What you write must be the listing below in full, word for word, minus its pictures.

Information shown =>
::::

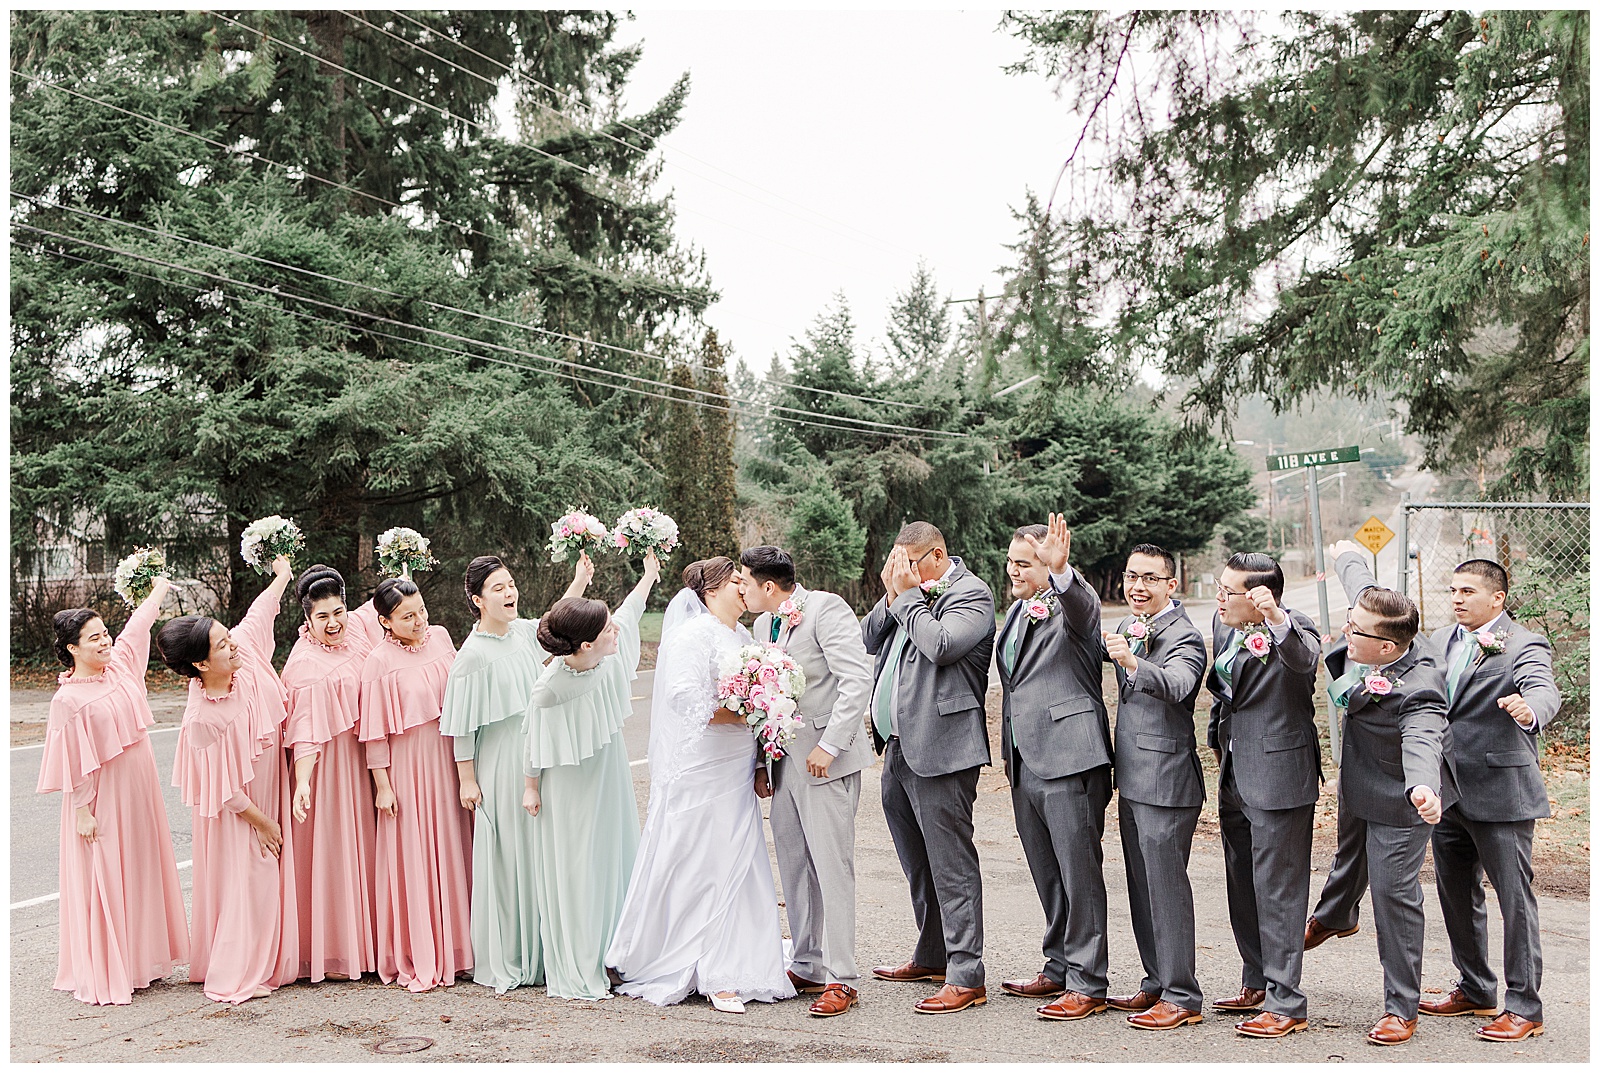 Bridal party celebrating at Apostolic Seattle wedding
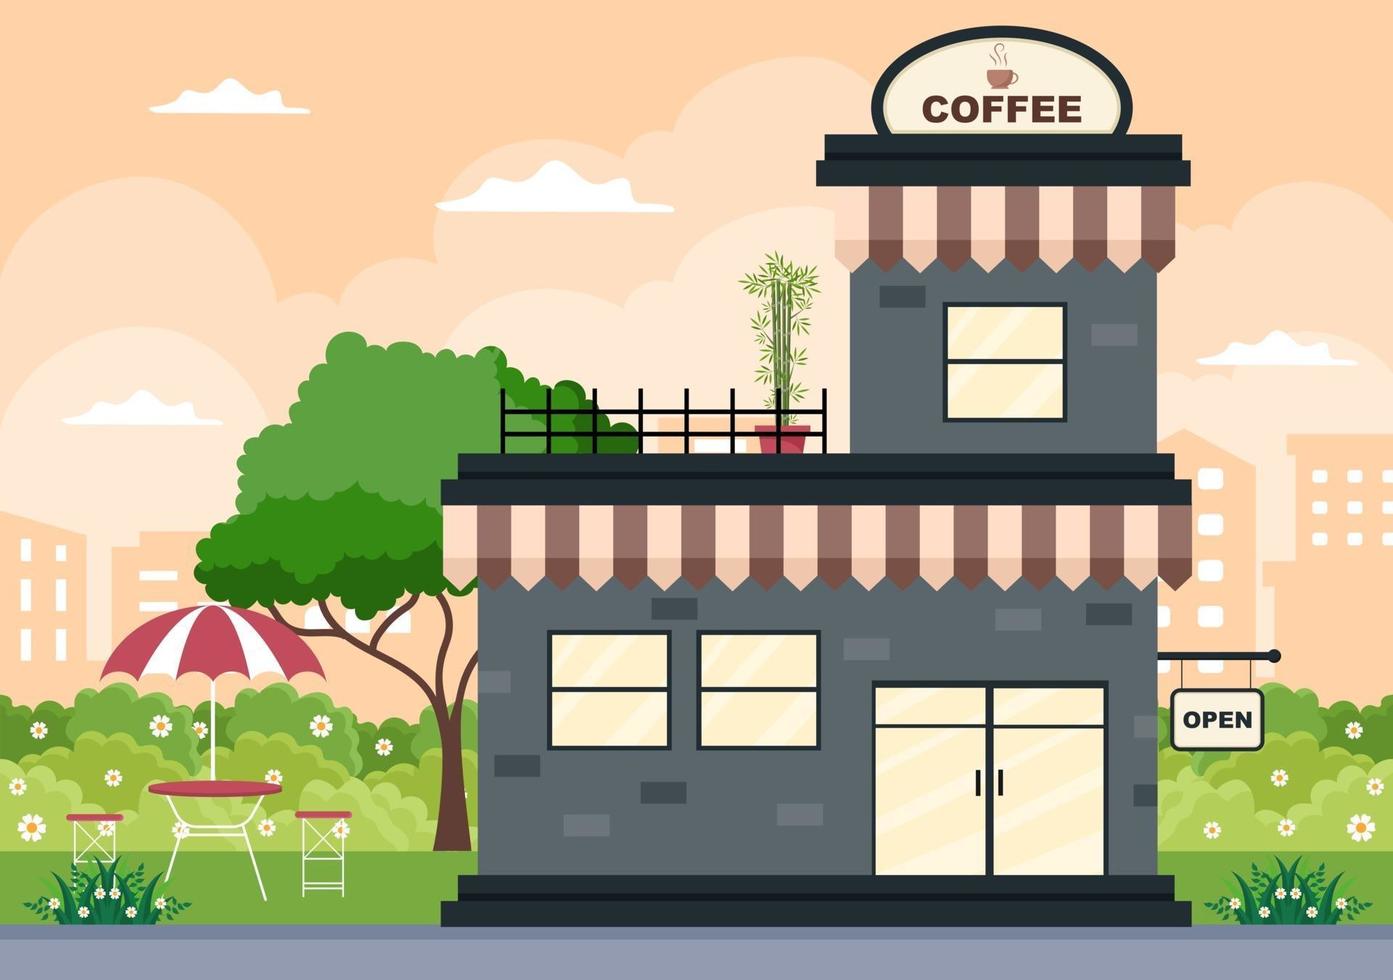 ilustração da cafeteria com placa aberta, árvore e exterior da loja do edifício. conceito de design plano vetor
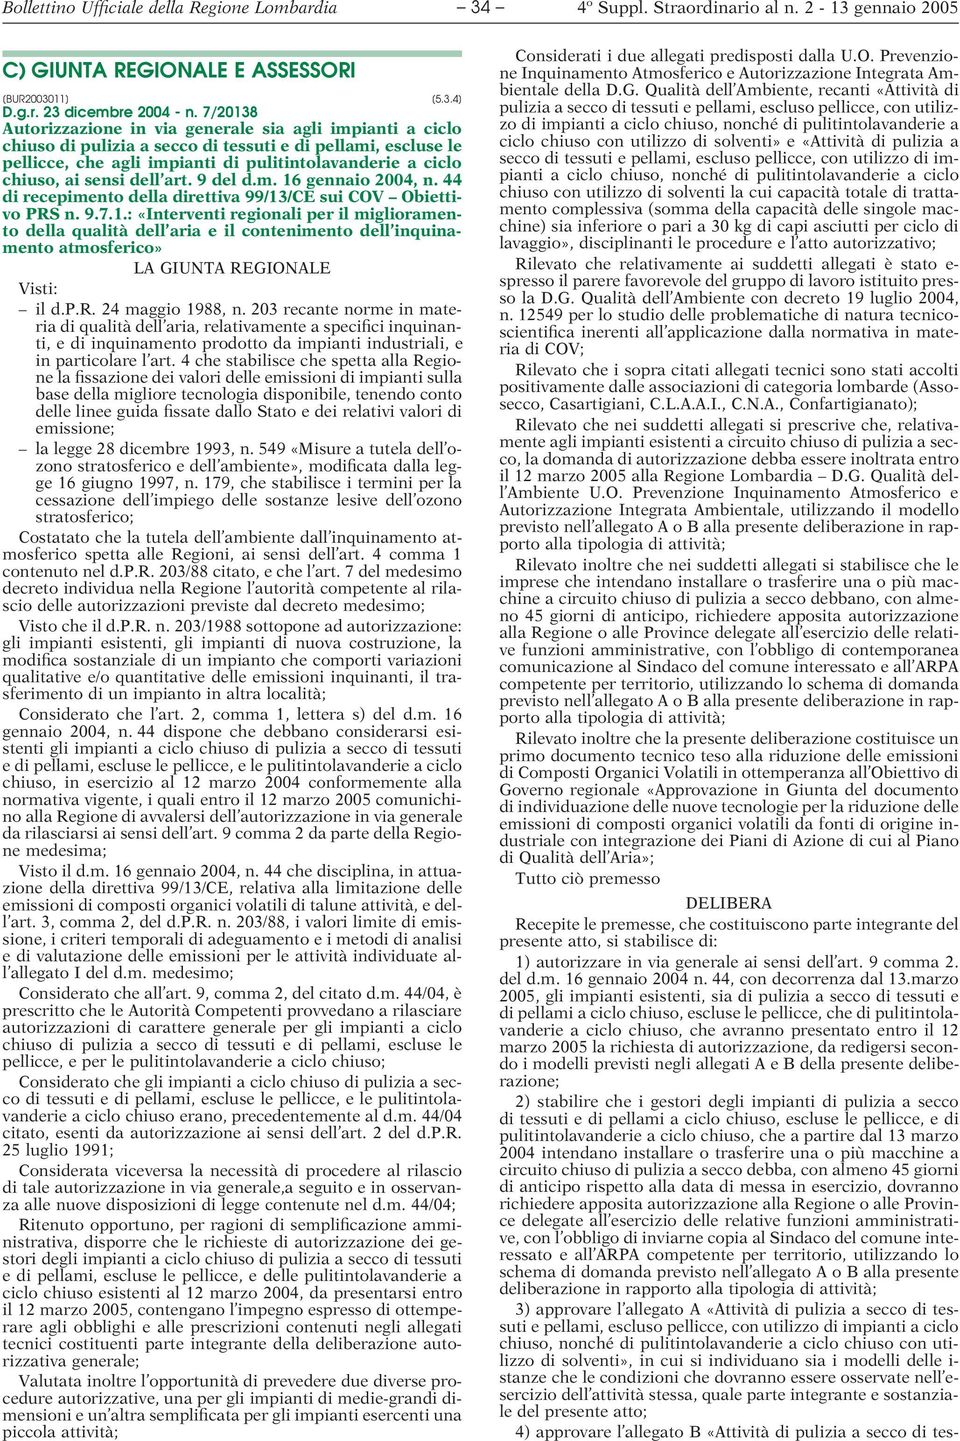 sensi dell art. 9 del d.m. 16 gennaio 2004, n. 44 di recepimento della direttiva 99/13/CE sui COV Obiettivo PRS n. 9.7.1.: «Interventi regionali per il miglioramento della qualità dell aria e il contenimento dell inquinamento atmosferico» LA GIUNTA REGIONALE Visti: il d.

::::

Answer box =>
 Bridal party celebrating at Apostolic Seattle wedding
 ilustração da cafeteria com placa aberta, árvore e exterior da loja do edifício. conceito de design plano vetor
 sensi dell art. 9 del d.m. 16 gennaio 2004, n. 44 di recepimento della direttiva 99/13/CE sui COV Obiettivo PRS n. 9.7.1.: «Interventi regionali per il miglioramento della qualità dell aria e il contenimento dell inquinamento atmosferico» LA GIUNTA REGIONALE Visti: il d.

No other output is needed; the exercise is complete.